When the existing thick film dielectric paste is applied to an ultrathin (the thickness is less than 0.8 mm) stainless steel substrate, the defects that the stainless steel substrate is deformed and seriously warped or deformed due to the mismatching of the thermal expansion coefficients of the dielectric paste and the stainless steel substrate, a conductor layer and a resistor layer cannot be continuously printed and the like exist, and the application range and the reliability of a thick film circuit element and a thick film electric heating element are reduced; meanwhile, when the existing thick film dielectric paste is applied to a thicker (the thickness is higher than 3.0 mm) stainless steel base material, microcracks and defects formed in an insulating dielectric layer in the cooling process due to the fact that the thermal expansion coefficients of the dielectric paste and the stainless steel base material are not matched exist, the microcracks and the defects provide channels for movement of electrons, and therefore the dielectric layer is low in breakdown voltage, small in insulation resistance, easy to break down in the using process, even short-circuit and the like.

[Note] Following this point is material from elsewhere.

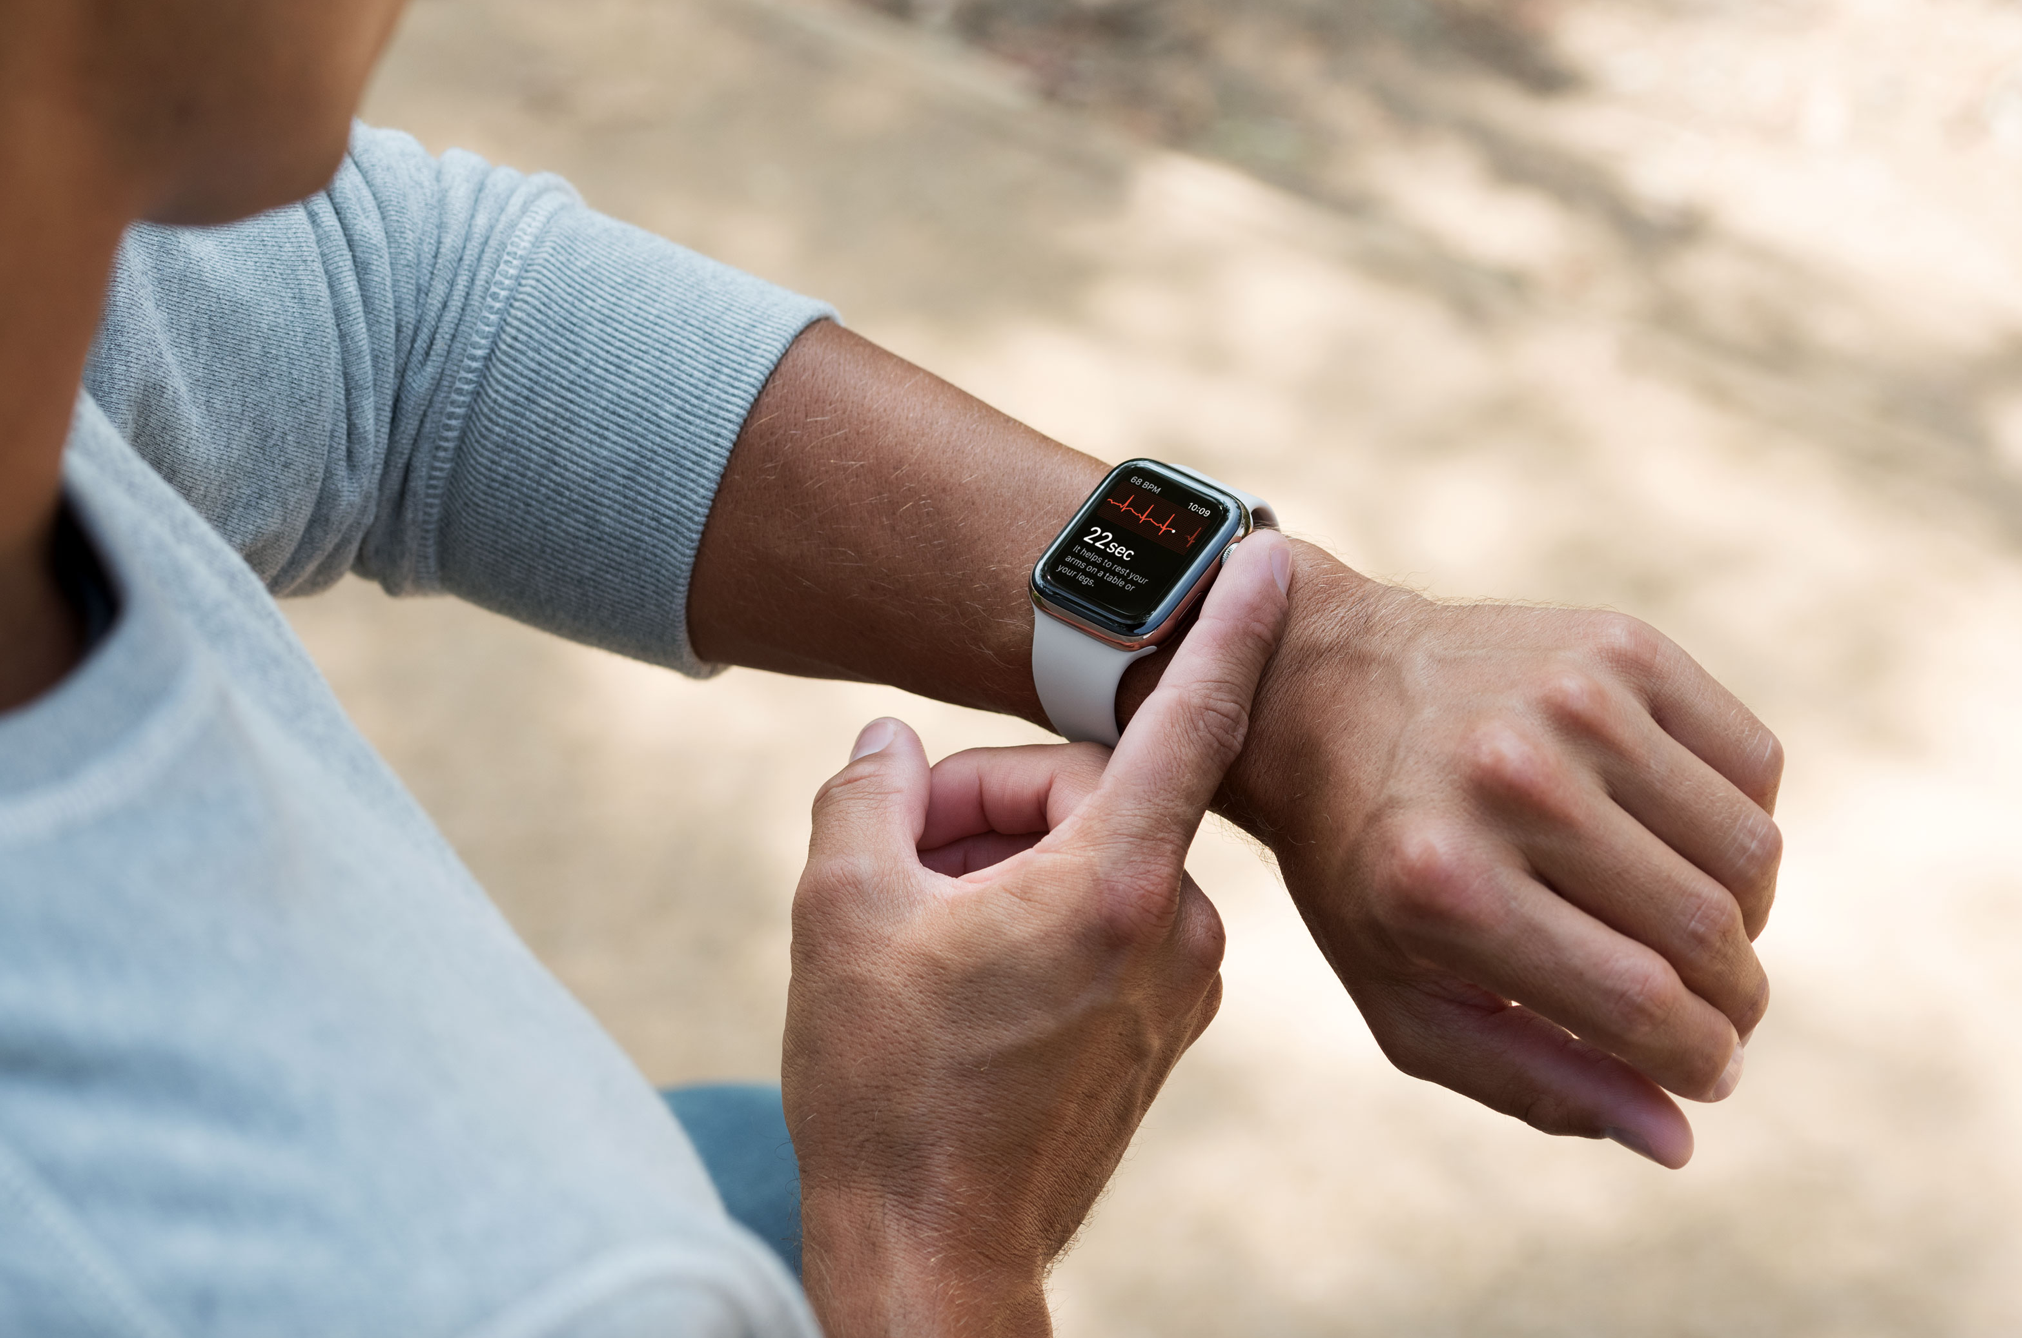 delik Güney Amerika Adli tıp  Apple Watch Series 4 review - features, design, ECG, more - 9to5Mac

Therefore, further improvements are needed.

Disclosure of Invention

The invention aims to overcome the defects in the prior art and provides the thick film dielectric paste with high thermal expansion coefficient for the stainless steel substrate and the preparation method thereof.

The purpose of the invention is realized as follows:

a thick film dielectric paste with high thermal expansion coefficient for stainless steel base material is characterized in that: comprises 70-80 wt% of lead-free microcrystalline glass powder and 20-30 wt% of organic bonding phase;

the lead-free microcrystalline glass powder is BaO-CaO-Al₂O₃-SiO₂-B₂O₃-SrO-Sm₂O₃-ZrO₂Is microcrystalline glass powder, which comprises 10-20 wt% of BaO, 10-15 wt% of CaO, and 5-10 wt% of Al₂O₃20 to 30 percent of SiO₂5% -20% of B₂O₃5 to 10 percent of SrO and 5 to 10 percent of Sm₂O₃1 to 6 percent of ZrO₂；

The organic bonding phase comprises, by weight, 70-85% of an organic solvent, 2-10% of a polymer thickener, 0.5-5% of a dispersant, 0.5-5% of a leveling agent, 0.5-5% of a thixotropic agent and 0.5-5% of a surfactant.

The lead-free microcrystalline glass powder has an average particle size of 2-5 μm, a softening point of 650-780 ℃, and a thermal expansion coefficient of 8.5-10.5 x 10^~6/℃。

The organic solvent is one or a mixture of more than two of terpineol, butyl carbitol acetate, diethylene glycol monomethyl ether, diethylene glycol dibutyl ether, ethylene glycol ethyl ether acetate, tributyl citrate, dimethyl phthalate, diethyl phthalate, dibutyl phthalate, dioctyl phthalate, tributyl phosphate and 1, 4-butyrolactone.

The macromolecular thickener is one or a mixture of more than two of ethyl cellulose, hydroxyethyl cellulose, carboxymethyl cellulose, nitrocellulose, polyvinyl butyral, polymethyl methacrylate, polyethyl methacrylate, polybutyl methacrylate and modified rosin resin.

The dispersant is one or a mixture of more than two of triamines citrate, polymethacrylic acid amine and 1, 4-dihydroxy sulfonic acid amine.

The flatting agent is one or a mixture of more than two of polydimethylsiloxane, polyether polyester modified organic siloxane, alkyl modified organic siloxane and acrylate flatting agents.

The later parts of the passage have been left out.